Irmin verkürzte seine Bahn, sodass er dicht an Caius vorbeiritt. Caius musste sich beherrschen, nicht zur Seite zu schauen. Er starrte geradeaus. Erst jetzt begriff Fastrada, dass er kein Wort verstand.

»Nun wissen wir wenigstens, wer dir diese Flausen in den Kopf gesetzt hat«, sagte Irmin drohend, dann blieb er vor ihnen stehen. »Eins muss man dir lassen. Du hast wirklich Mut. Aber dein ganzer Mut nützt dir nichts, weil du einfach nicht verstehen willst, was wir hier tun«, fuhr er schließlich fort. Der schlecht unterdrückte Ärger kehrte in seine Stimme zurück, er redete sich zunehmend in Rage. »Weil du nicht verstehen willst, dass wir keine Rücksichten nehmen können auf Leute, die an ihrem Leben hängen wie die Käfer an einem ins Wasser gefallenen Zweig.
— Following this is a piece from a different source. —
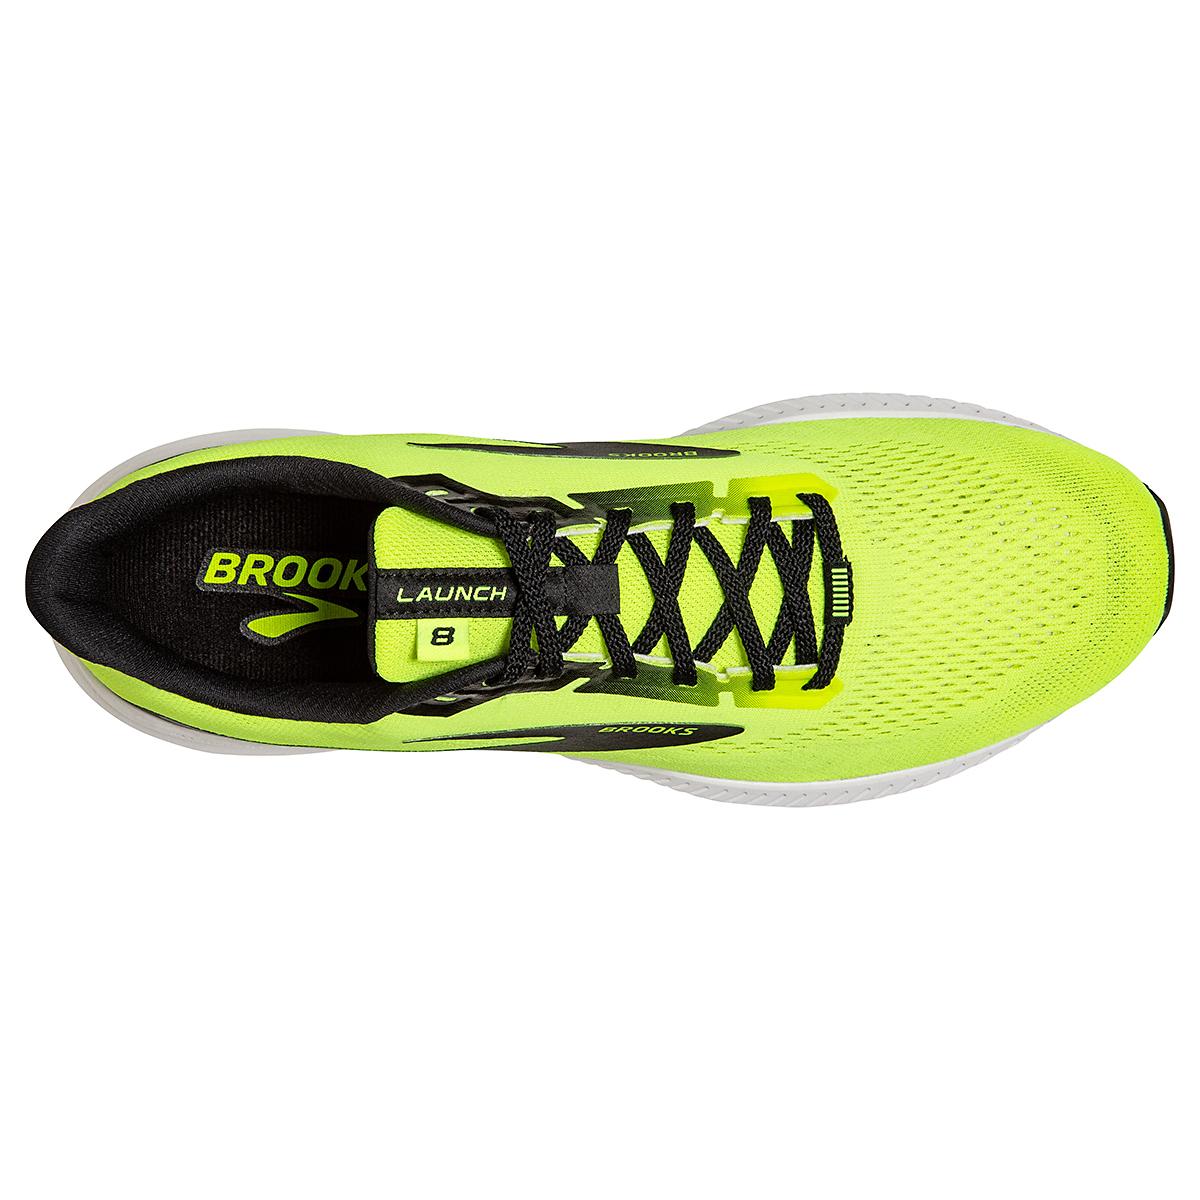 Men's Brooks Launch 8 Running Shoe - Color: Nightlife/Black/White - Size: 7 - Width: Regular, Nightlife/Black/White, large, image 5

Weil du nicht verstehen willst, dass man aus dem Leben nur etwas machen kann, wenn man die Gelegenheiten ergreift, die sich einem bieten. Und dieses Leben besteht für uns nicht darin, dass man hinter den Ochsen über die Äcker schlurft, auf den Pflug stiert und sich Sorgen macht, ob man genug nach Hause bringt, um den nächsten Winter zu überstehen.«

»Hast du dir um so etwas jemals Sorgen gemacht?«, fragte Fastrada spöttisch. »Natürlich nicht. Wie denn auch? Du warst doch viel zu sehr damit beschäftigt, Kriege zu führen! Und genau darum müssen sich andere überhaupt erst Sorgen machen – frag doch die Leute, was sie wollen!«

»Frag sie doch selbst!«, schrie Irmin. »Frag sie, was sie wollen! Fang gleich bei ihm hier an!« Er deutete auf den Reiter, der ihm am nächsten stand. Fastrada reagierte nicht. Ihr Cousin blickte sie lauernd an. »Soll ich dir sagen, was sie antworten werden? Ja, werden sie sagen, wir wollen die Römer aus dem Land jagen mit ihrer ganzen Verwaltung, die Steuern von uns erpresst, mit ihren Gesetzen, die nicht unsere sind! Mit ihren nichtsnutzigen Beamten, mit ihren arroganten Offizieren, mit ihren sittenlosen Weibern, mit ihren albernen Lorbeerkränzen und ihrem Massageöl, mit ihren Austern und Oliven und mit ihrem verdünnten Wein, mit dem sie verdünnte Männer aus uns machen wollen!«

»Oliven und Wein haben euch doch jahrelang gut geschmeckt«, sagte Fastrada höhnisch.

Irmin lachte. »Du willst es nicht verstehen«, sagte er.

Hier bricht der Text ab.